• Provided data
○ ○ ○

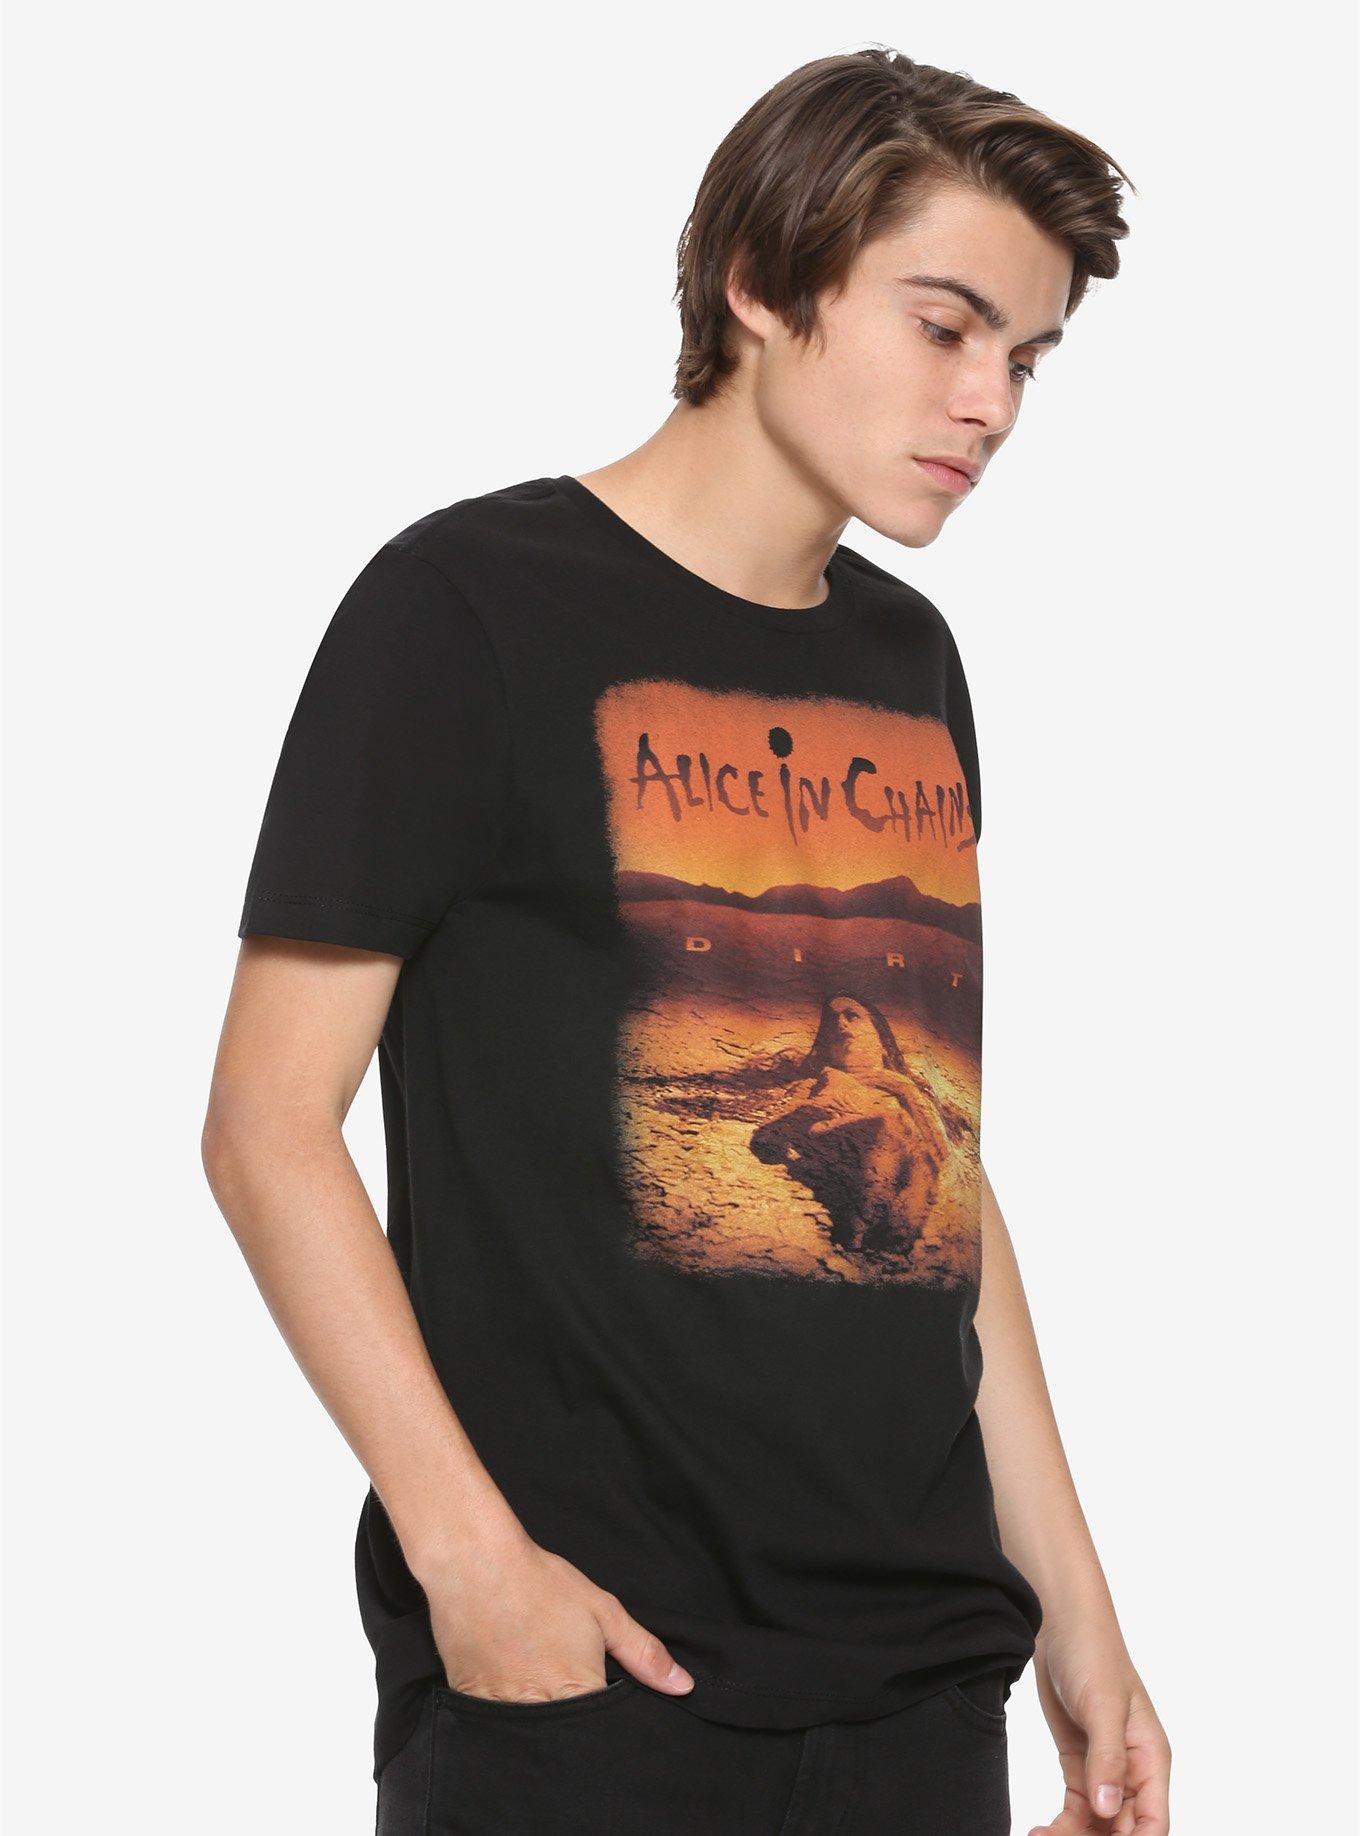 Alice In Chains Dirt Album Shirt - Tagotee
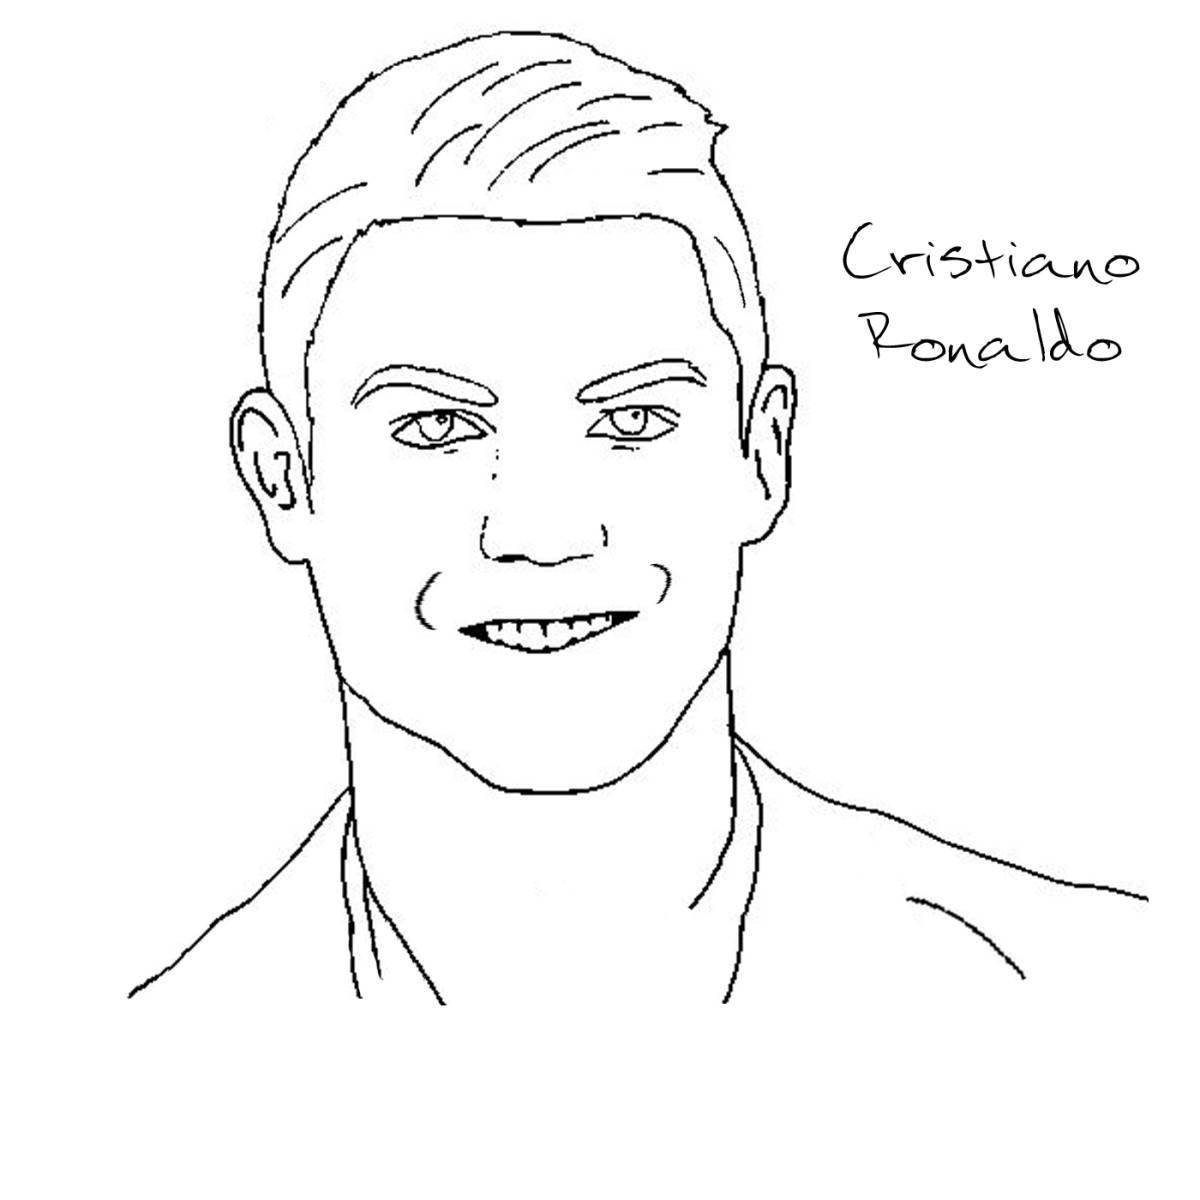 Ronaldo's dramatic face coloring page
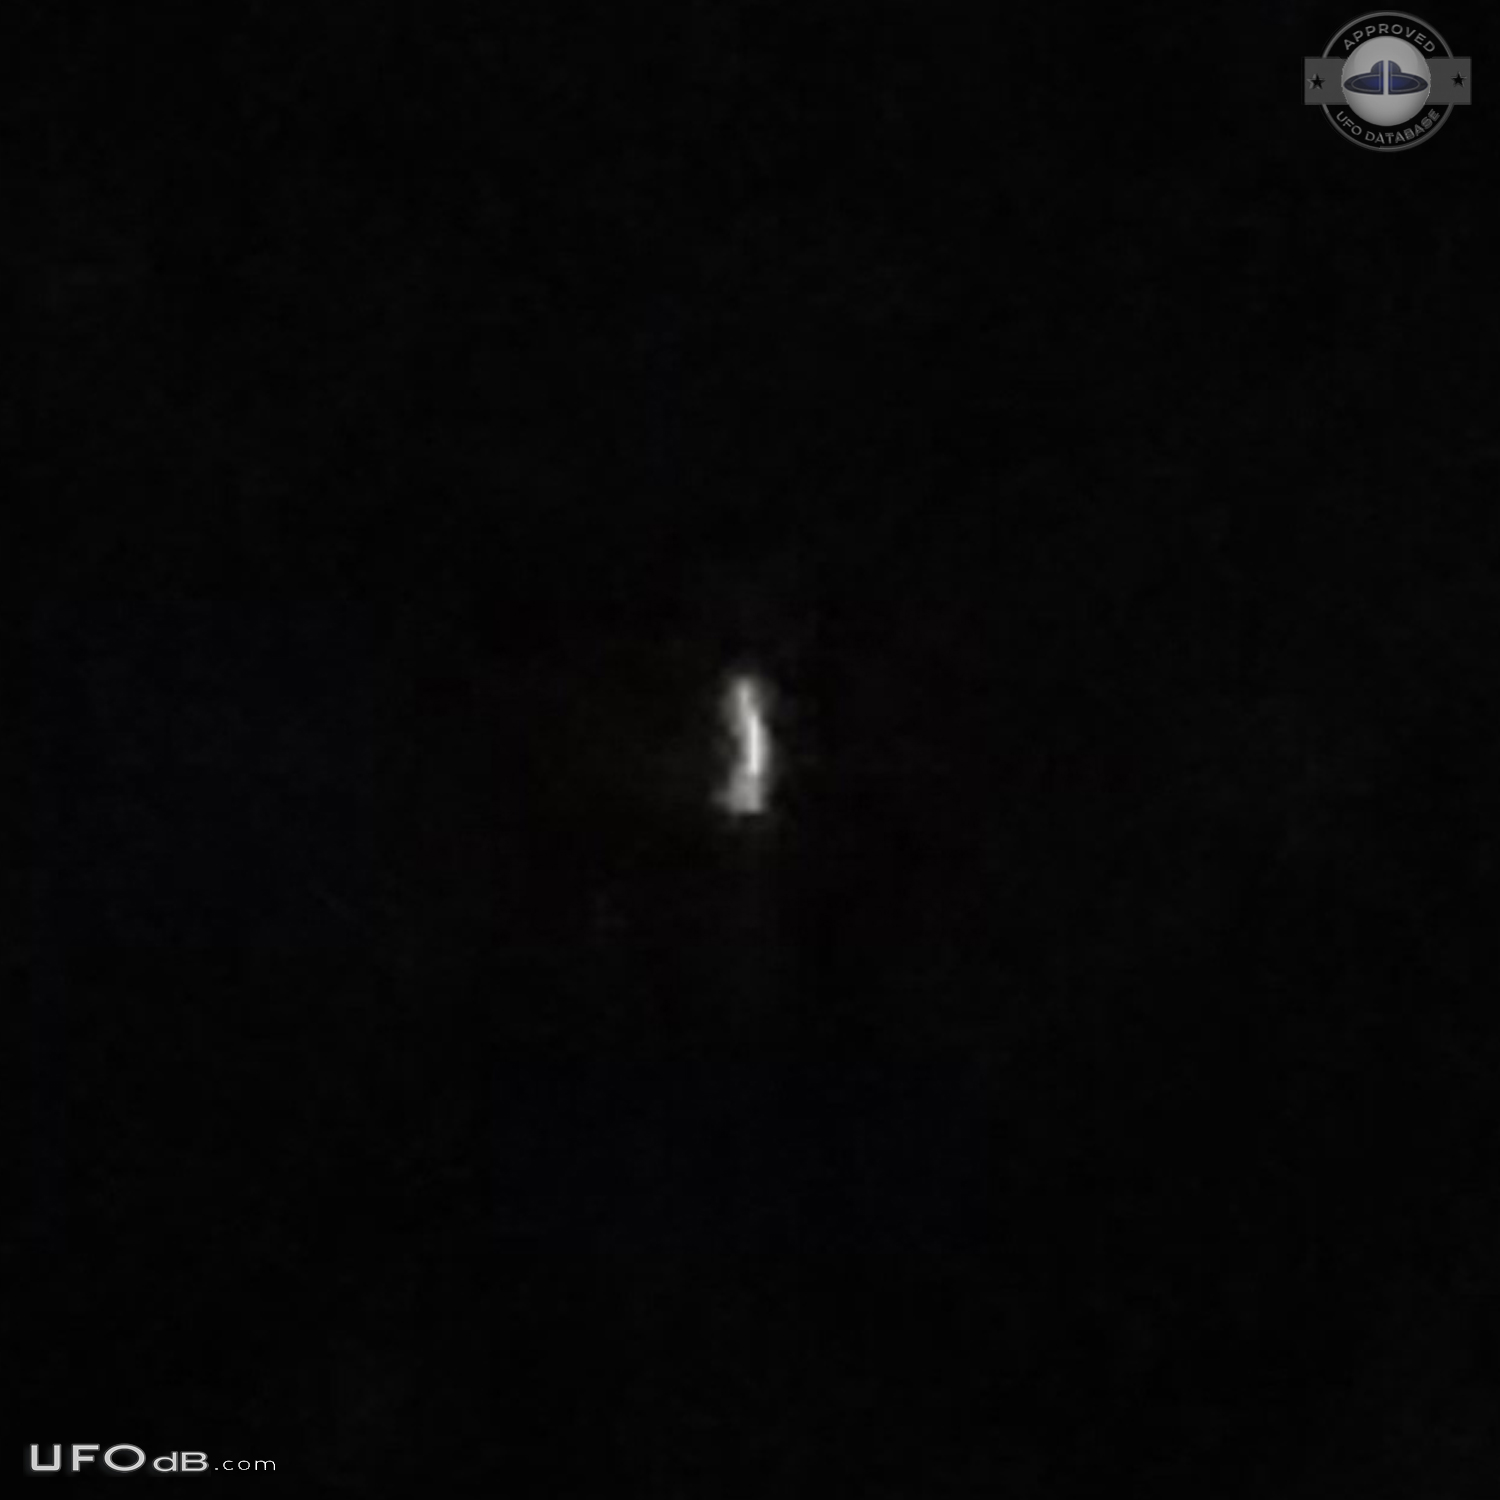 Looked like a star far, closer you could see it was UFO triangle with  UFO Picture #724-5
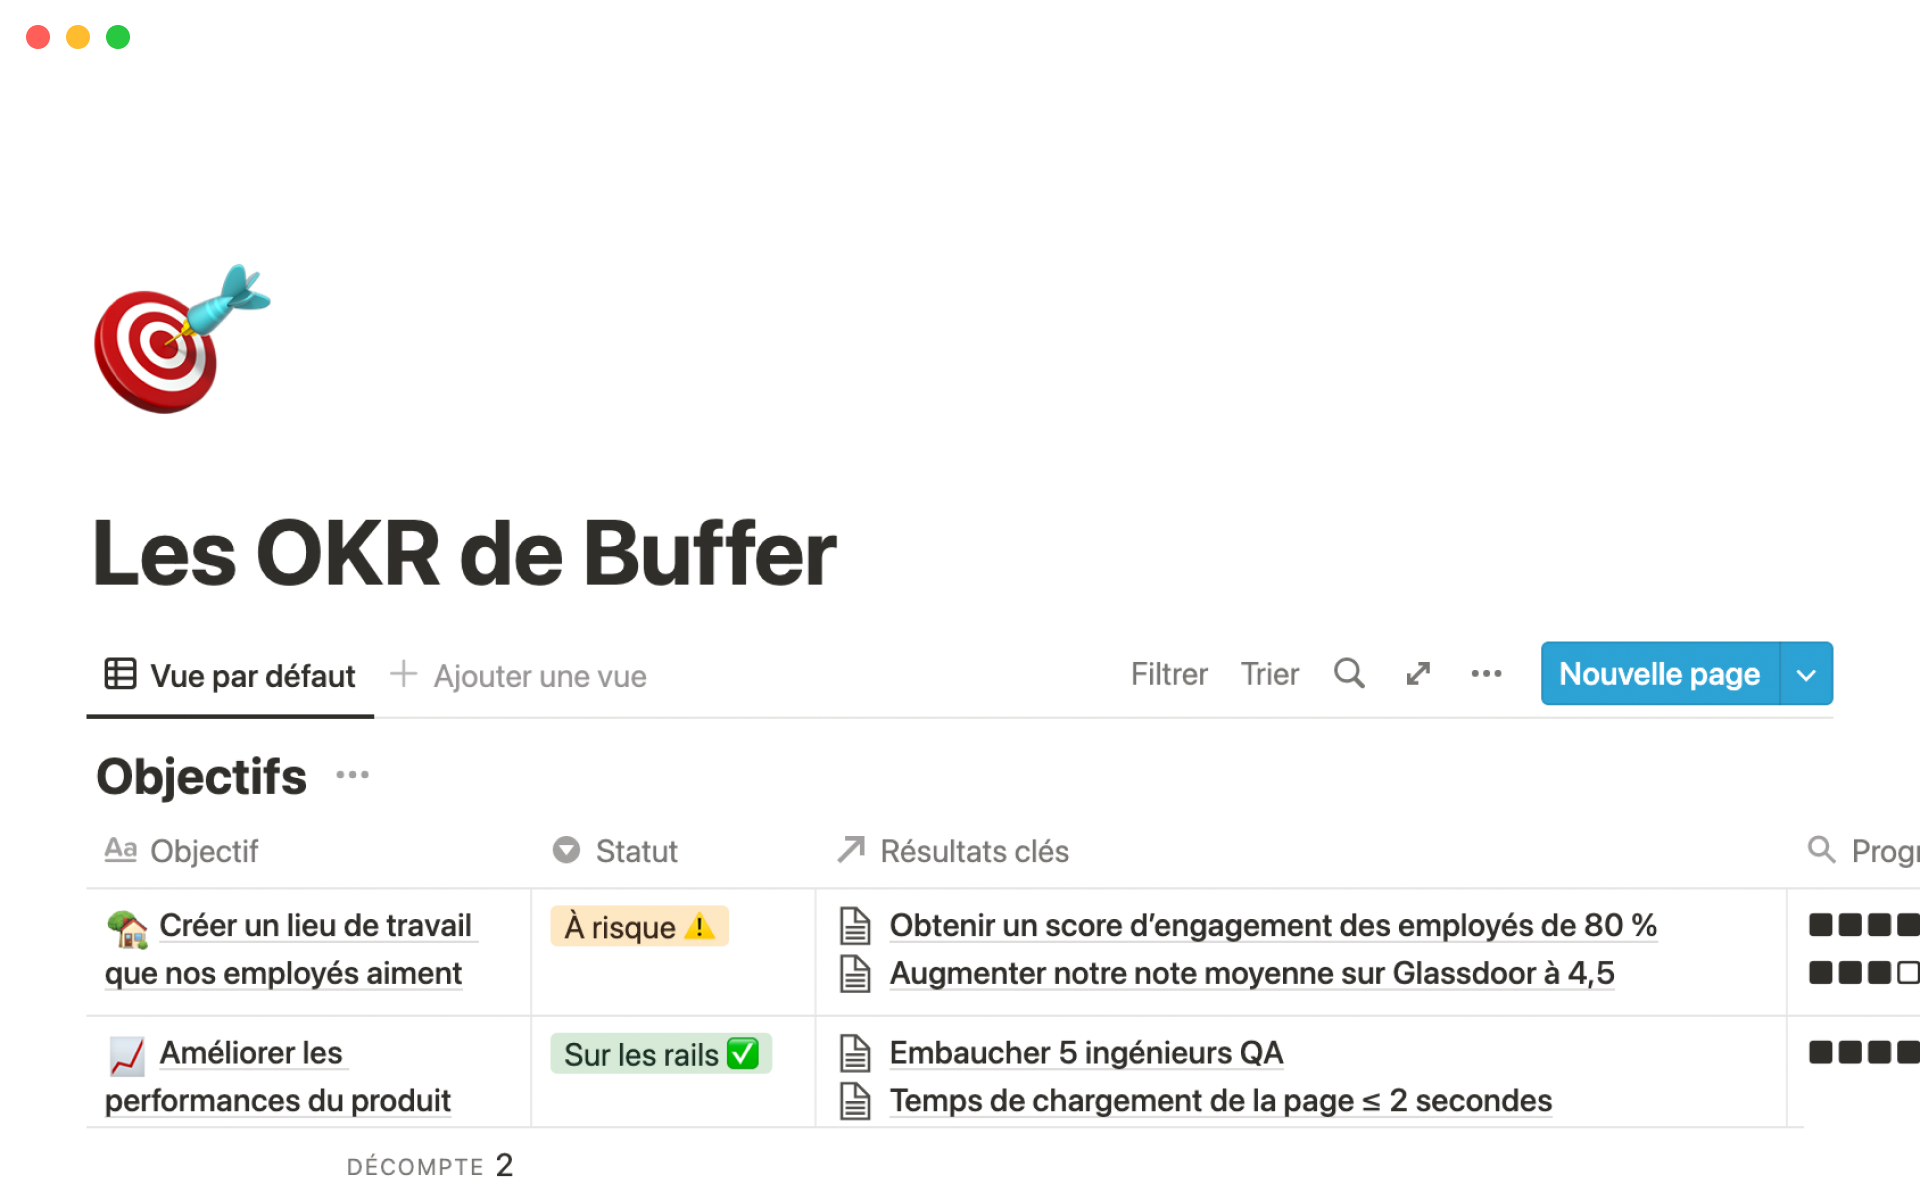 The desktop image for the Buffer's OKRs template

○ ○ ○

• Problem details
From the line holding "Ronaldo's dramatic face coloring page" to the last line of the listing, please output each line exactly as it stands. Pictures stay out of the copy.

• Response for this exercise
 Ronaldo's dramatic face coloring page
 Looked like a star far, closer you could see it was UFO triangle with  UFO Picture #724-5
 The desktop image for the Buffer's OKRs template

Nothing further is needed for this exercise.